Robin, seldom at home, had joined my father in business. He reportedly courted a young belle to whom he might soon be expected to propose.

My sisters had plenty of beaus and, as might be anticipated, played them off against one another. Neither had as yet accepted any of their numerous proposals. For rumor also had it the Prince—whose castle stood at the top of the hill like the town’s crowning jewel—meant at last to take a wife.

Mother had ambitions for her daughters. Lord knew they had ambitions for themselves. The Prince, whose name was Rupert, had been away many years touring the continent, and as a consequence remained largely an unknown quantity. Townsfolk remembered him as a dutiful boy—a handsome, dutiful boy. My sisters focused much on his appearance. But he’d taken his education elsewhere, completing it by seeing the world.

Rumor also had it the kingdom now faced the very real possibility of war with the neighboring realm of Cardonay. My sisters, of course, cared nothing for this. But tradesmen sometimes mentioned it to Cook in passing, citing present uncertainties for the scarcity of the goods she’d ordered. They said Prince Rupert had returned to help his father the King—who failed in his health—prepare for war.

I will admit such a possibility seemed very vague and far away to me. The world itself seemed vague and distant. I’d not been farther out of the house than the garden in many years. What did the affairs of the King mean to me?

I did, though, once hear Father and Robin discussing the possibility of a war. They were in the front parlor, having just entertained a number of other businessmen, and I entered the room to collect glassware and remove the dainties that had been put out. Deep in discussion, neither of them paid me any heed.

“—do you think will come of it?” Robin asked as I went in. “Can it be averted?”

Father rocked on his heels and jingled the coins in his pockets. “I do believe Octavius has tried.” Octavius being our King. “Ortis is a madman. He builds his army with single-minded purpose and, it’s said, has gathered men from throughout his lands.”

“While we continue to carry on as if nothing is happening,” Robin put in ruefully.

“I believe King Octavius has contrived to ignore the threat. I hope not to detrimental effect.”

Robin lowered his voice. “You think we will come under attack?”

“We might.”

“Surely now that Prince Rupert has returned he will do something about raising our defenses?”

“So we can but hope.”

“Father, you met with him at that private reception, did you not? What did you think?”

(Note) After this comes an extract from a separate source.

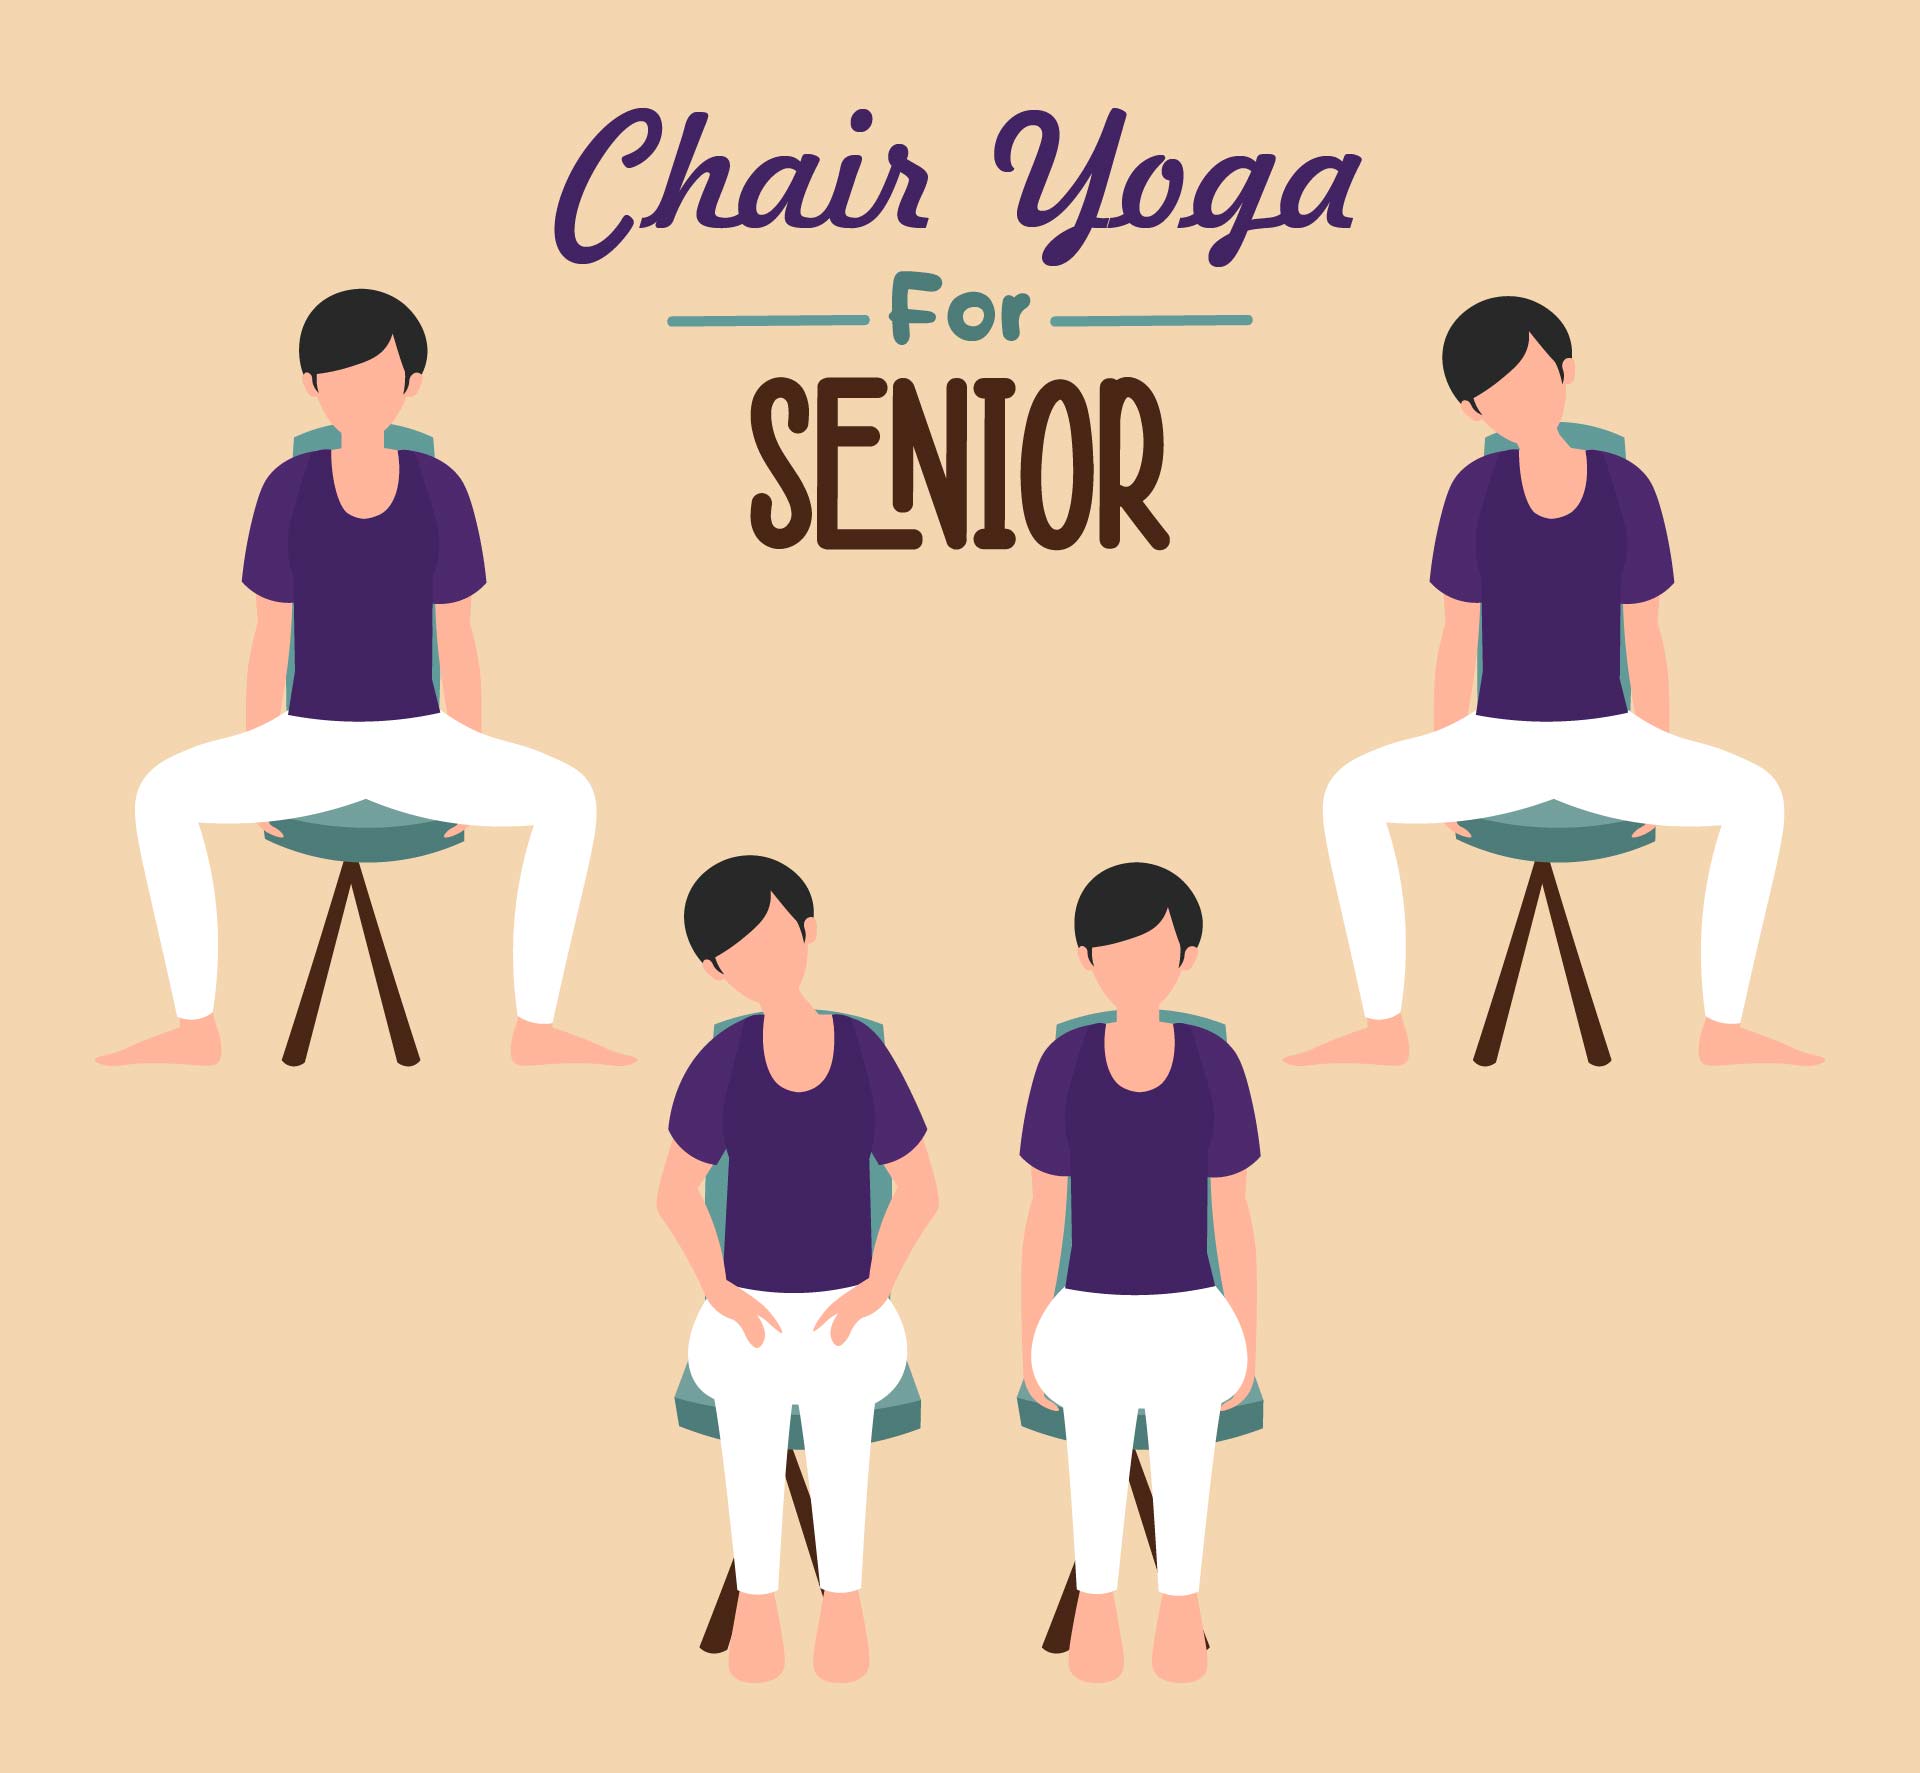 chair yoga poses for seniors 178416

I paused, hands full of glasses, and awaited my father’s response. This would make rare gossip indeed for the kitchen—not that I often joined in sharing such tidbits. Usually I just listened.

Father grunted. “He’s been trained in warfare, of course. But he seems young to be in charge of an army. And if it comes to that, he will have to take his father’s place. Octavius is much too ill to take the field.”

“Dying?” Robin asked.

Father did glance at me then, as if noticing me for the first time. “Nearly finished there, Cindra?”

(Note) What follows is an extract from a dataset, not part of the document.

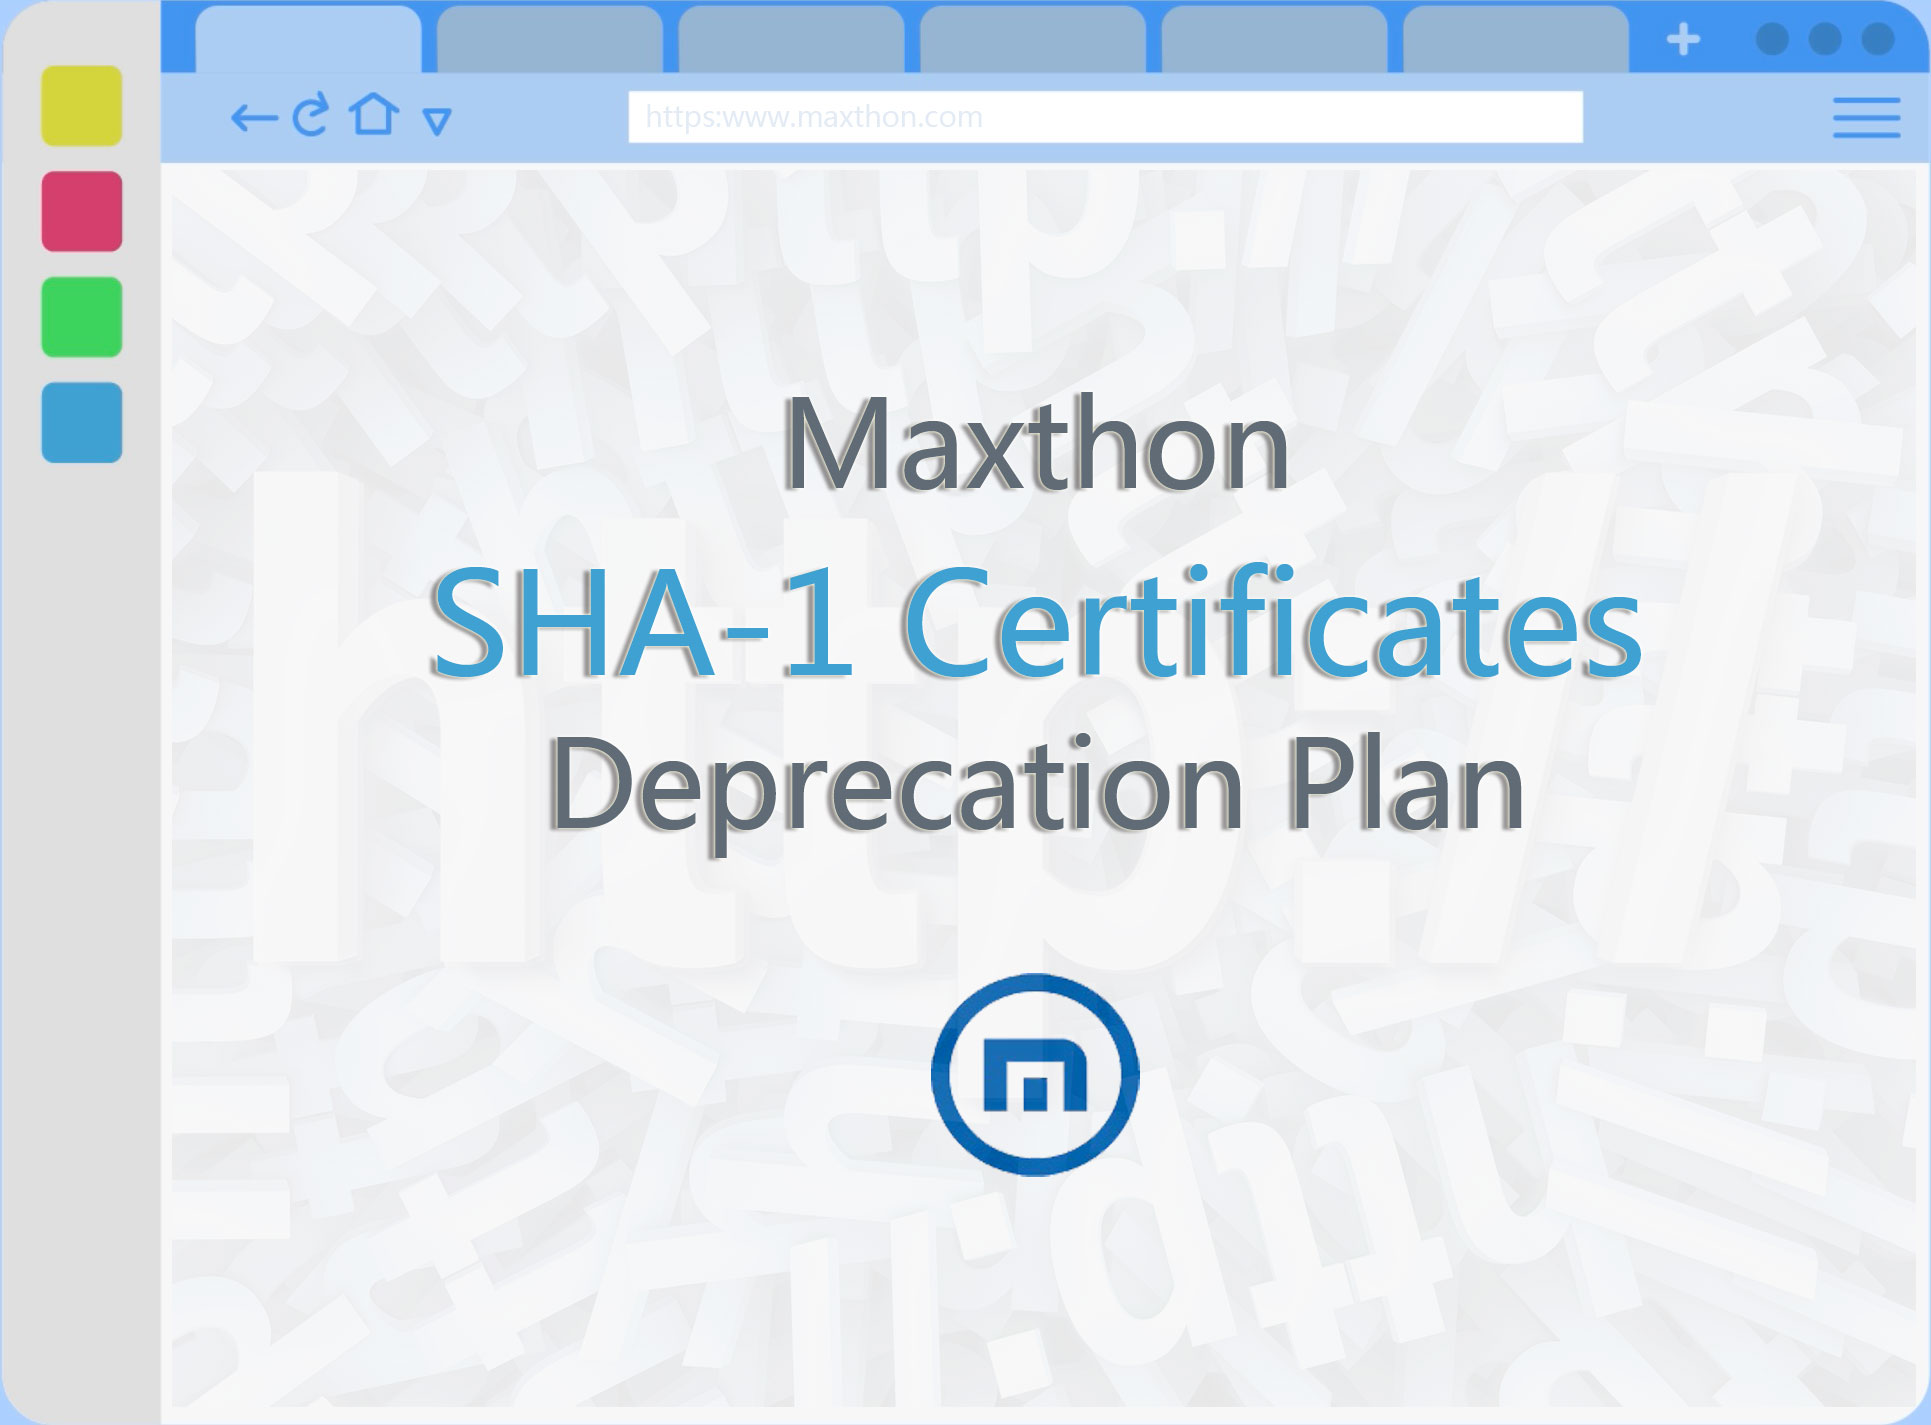 Maxthon SHA-1 Certificates Deprecation Plan

Robin, heeding me not, went on. “In your role as mayor, Father, you may be one of the few who can get near the Prince and advise him. Perhaps you might set up a meeting, seek to take his measure.”

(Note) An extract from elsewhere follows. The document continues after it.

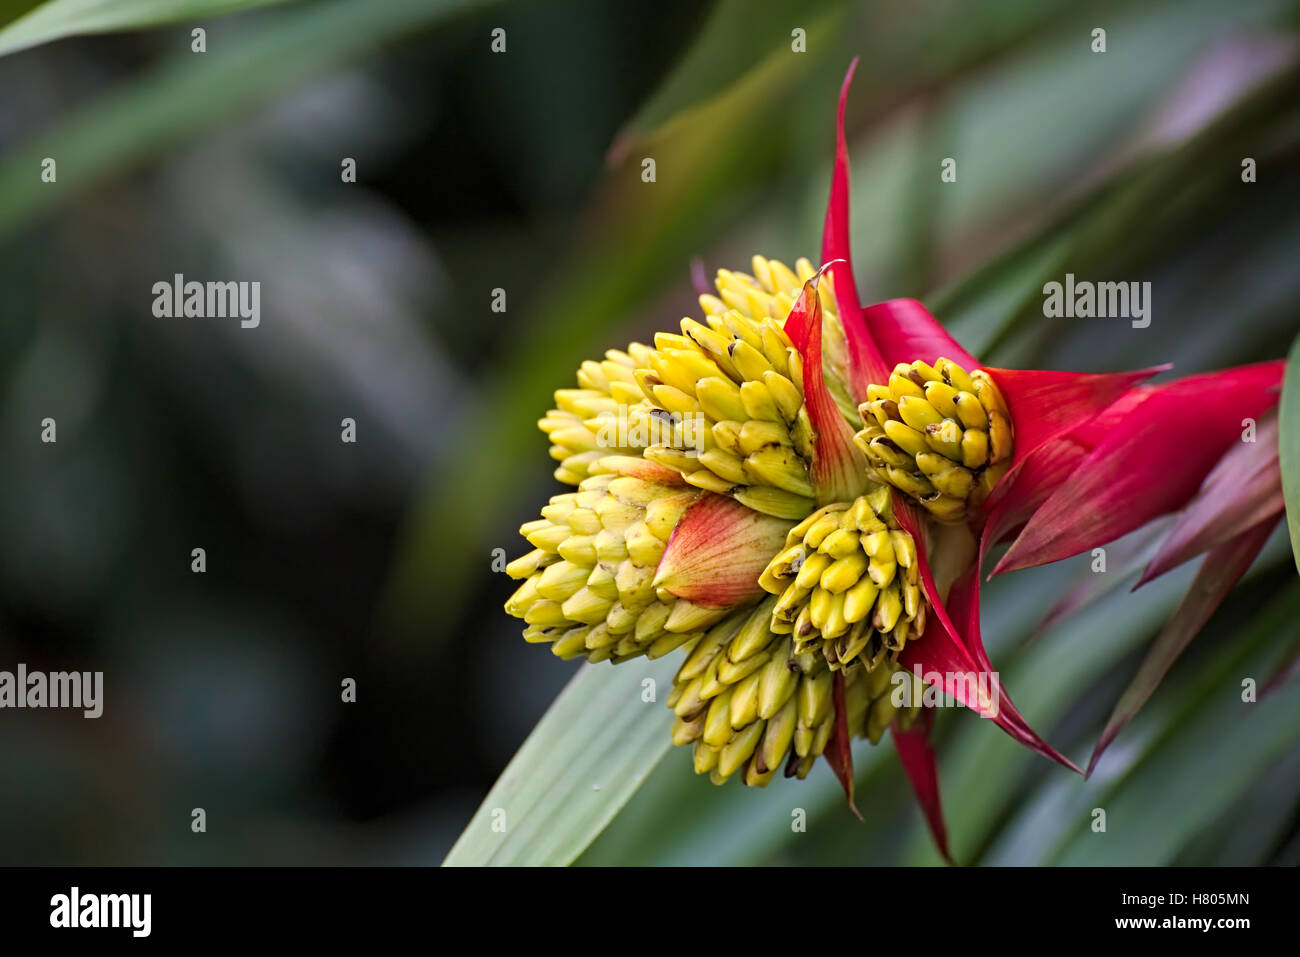 Blossom of a tufted airplant species (Guzmania). Stock Photo

“Perhaps.” Father sighed. “Your mother wishes to plan a reception. If the Prince is determined to marry—and it seems he is—she wants to make sure his eye falls on both your sisters.”

Robin groaned. “Might be a fine test, that.”

“Whatever do you mean?”

“It should show us whether the Prince has any sense.”

Father and Robin exchanged a look I did not entirely comprehend.

“If Rupert means to marry, he’d better do so quickly and beget an heir. His very future is uncertain. But I think he will reach higher than the daughter of a mayor. Such marriages are usually political, are they not?”

“Yes,” Robin agreed, “which makes me grateful I’m not a king’s son.”